Absolutely not. If one were to say that judges and jurors are distrustful of psychological injury claims, then, it would be fair to say that insurance adjusters are outright incredulous. Thus, most attorneys who specialize in psychological injury cases do not even attempt to settle them until the insurance company has hired an attorney who is able to conduct the necessary discovery to recognize that plaintiff has a valid psychological injury claim that could put the defendant at risk for a large verdict.

11. Will my psychological injury case settle out of court?

Your case will almost certainly eventually settle. Ninety-five percent of psychological injury cases settle at some point before trial; however, most psychological injury cases settle later rather than earlier in litigation.

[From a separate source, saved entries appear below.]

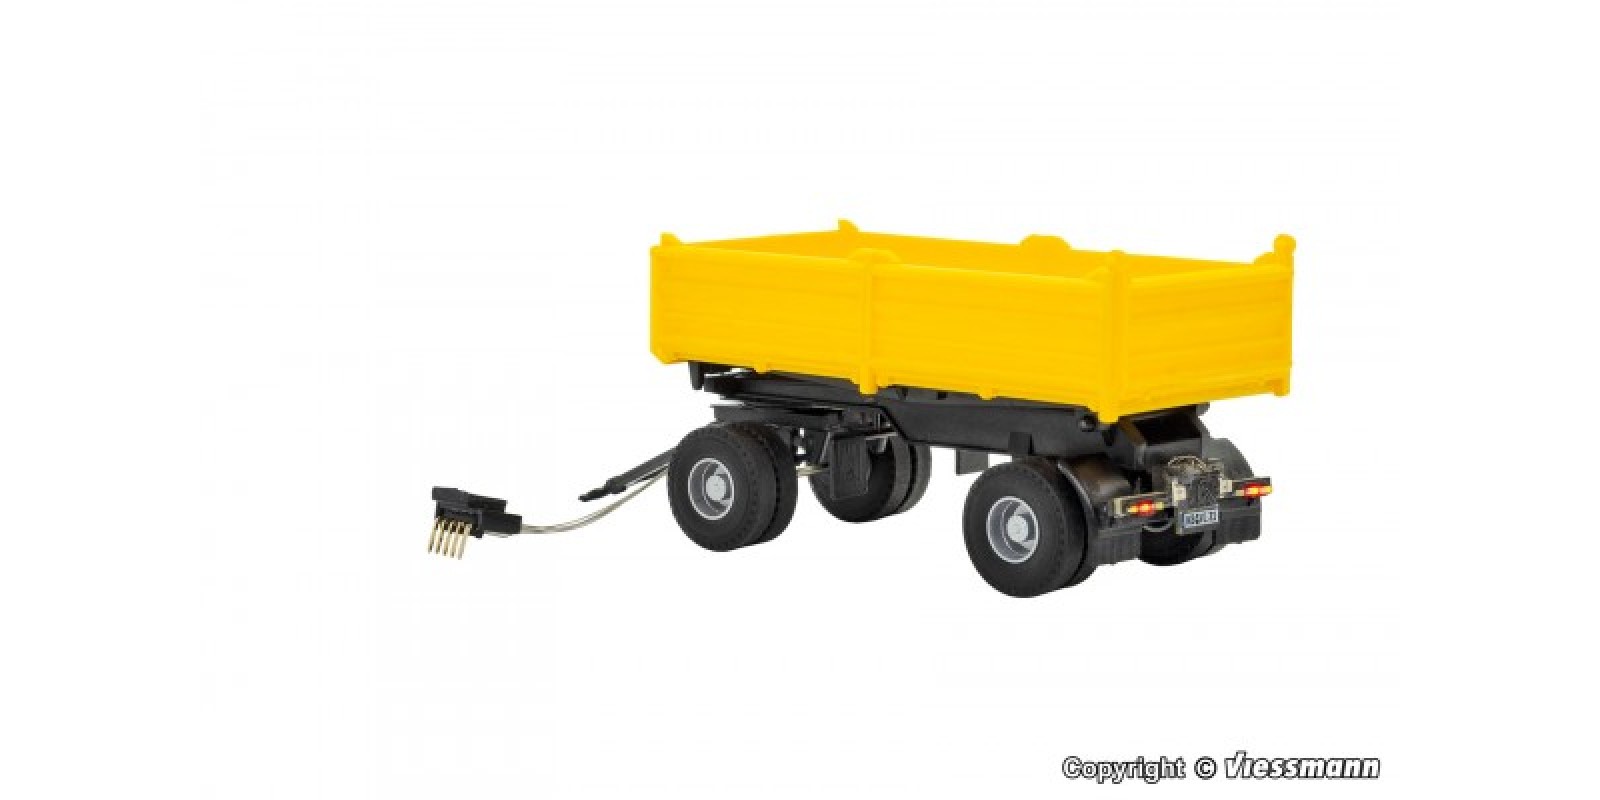 VI8215 H0 2-axle dump trailer, yellow, functional model
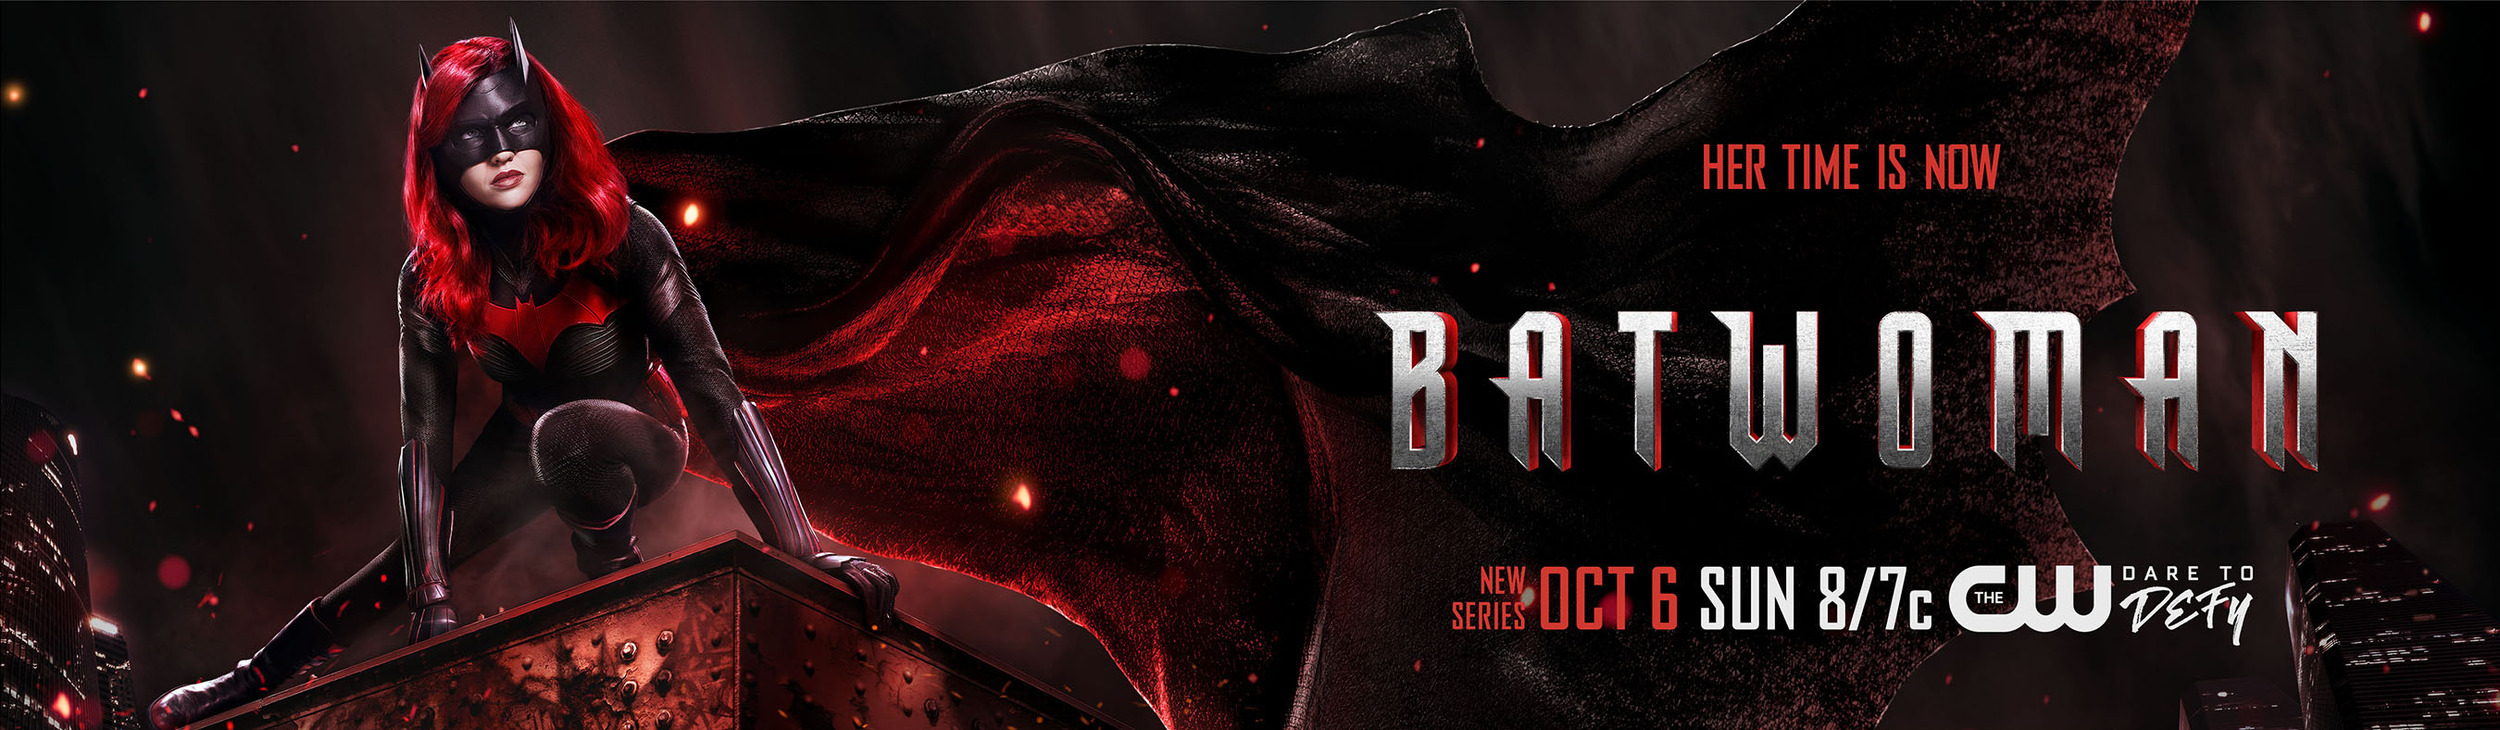 Mega Sized TV Poster Image for Batwoman (#5 of 30)
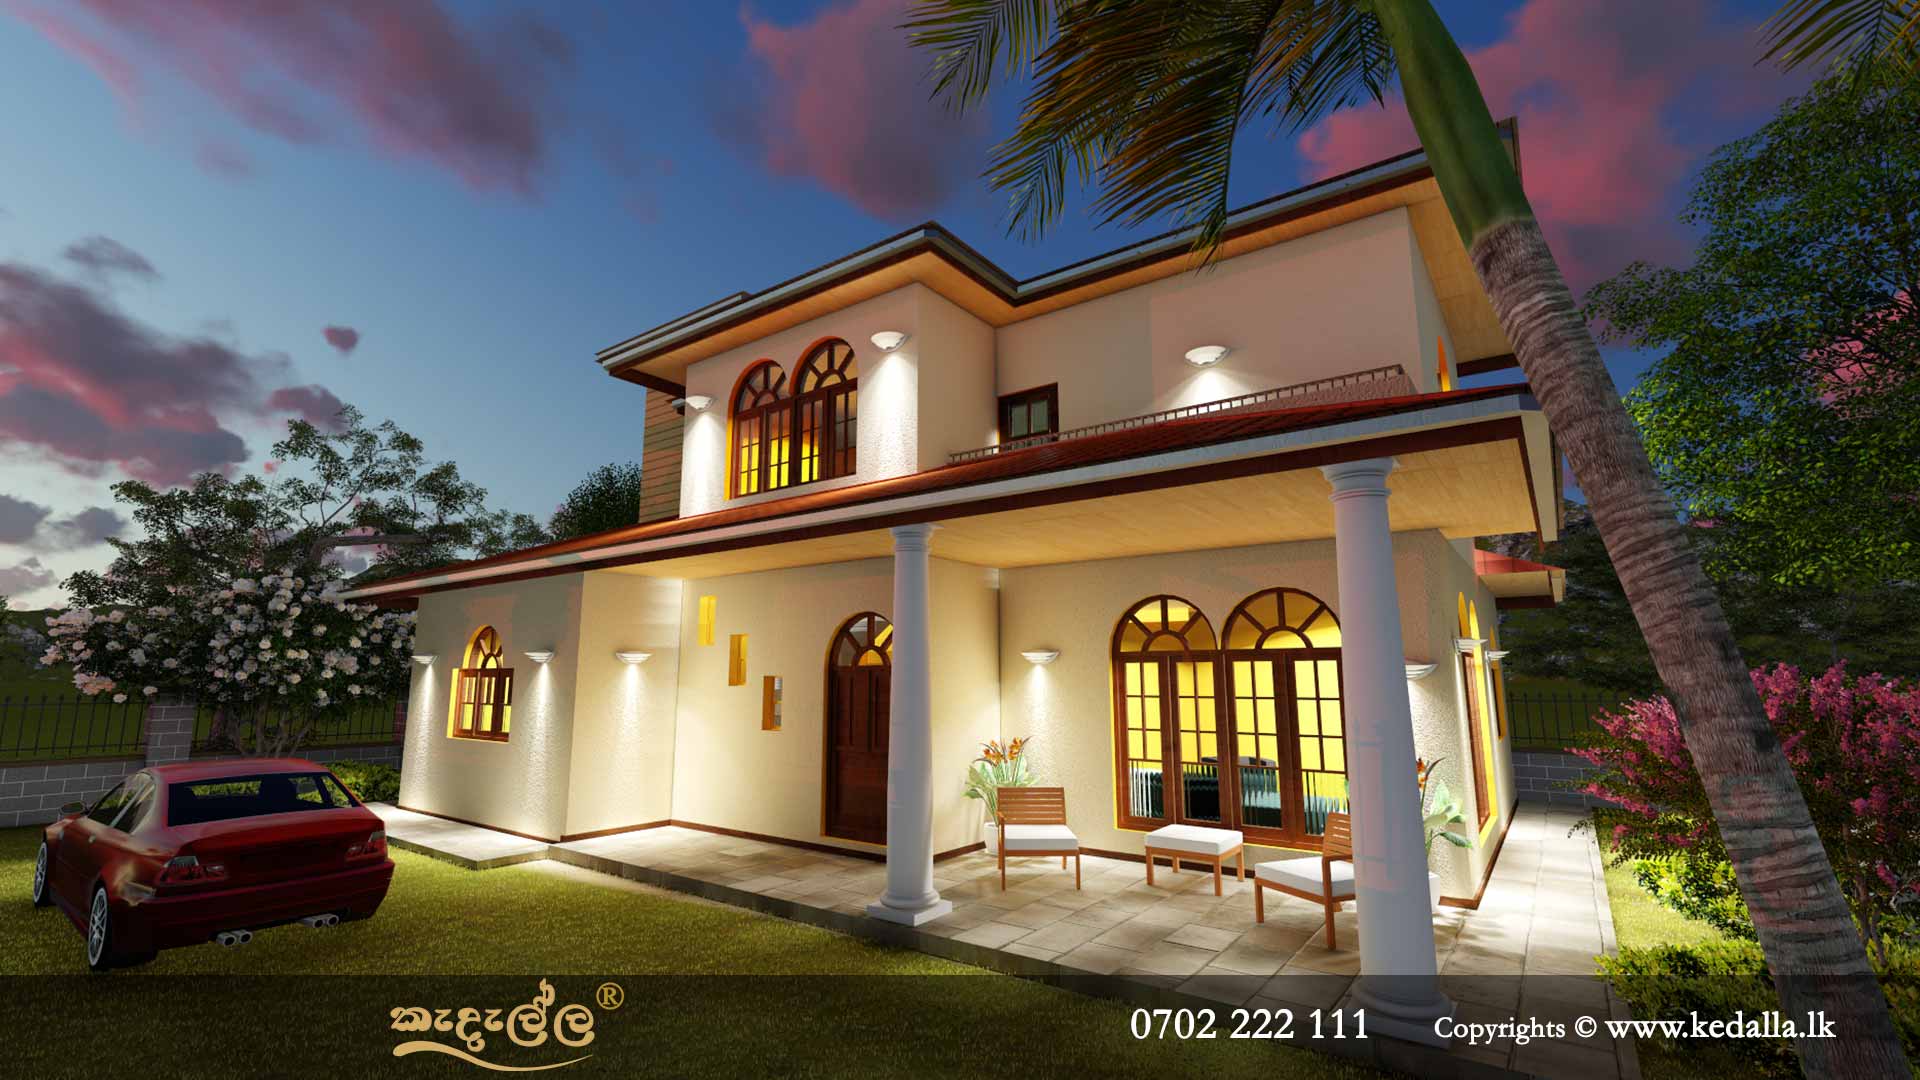 House Plans in Sri Lanka|1000 Amazing House Plans|Kedalla.lk

12. What damages can I collect in a psychological injury case?

You are entitled to recover damages for past and future medical expenses, past and future wage loss, past and future pain and suffering, and if it is deemed that conduct is bad enough, punitive damages (i.e., punishment damages against the defendant).

13. Do I need to hire an attorney? I do, does that attorney need to specialize in psychological injury cases?

First of all, given the cynicism and distrust of insurance adjusters it is almost inconceivable that a plaintiff will be able to receive full compensation for a purely psychological injury without hiring an attorney. Once the decision is made to hire an attorney, the consumer will want to find an attorney who understands the dynamics of psychological distress and who knows how to convince insurance adjusters, defense attorneys, judges and jurors of the seriousness of psychological injury claims and the devastating effect that they can have on people’s lives.

14. How soon must I file my psychological injury case?

If the case is against a public entity, the claim must be filed within six months of the date of the accrual of the cause of action. In all other accident cases, the plaintiff has two years. However, there are many ways in which a person can be psychologically injured and the statute of limitations may be more or less than 2 years for some of those cases, thus anyone with a psychological injury should immediately contact an attorney. Although the statute of limitations can be extended for “late discovery,” to be on the safe side cases should be brought within one year of the date of the incident.

Most legal questions require complex answers. The answers provided here may not be complete or fully accurate but attempt to provide consumers with abbreviated answers. For more detailed answers to these questions, a consumer should check out other articles in this section of this website, research other legal articles and texts on the subject matter or consult with an attorney.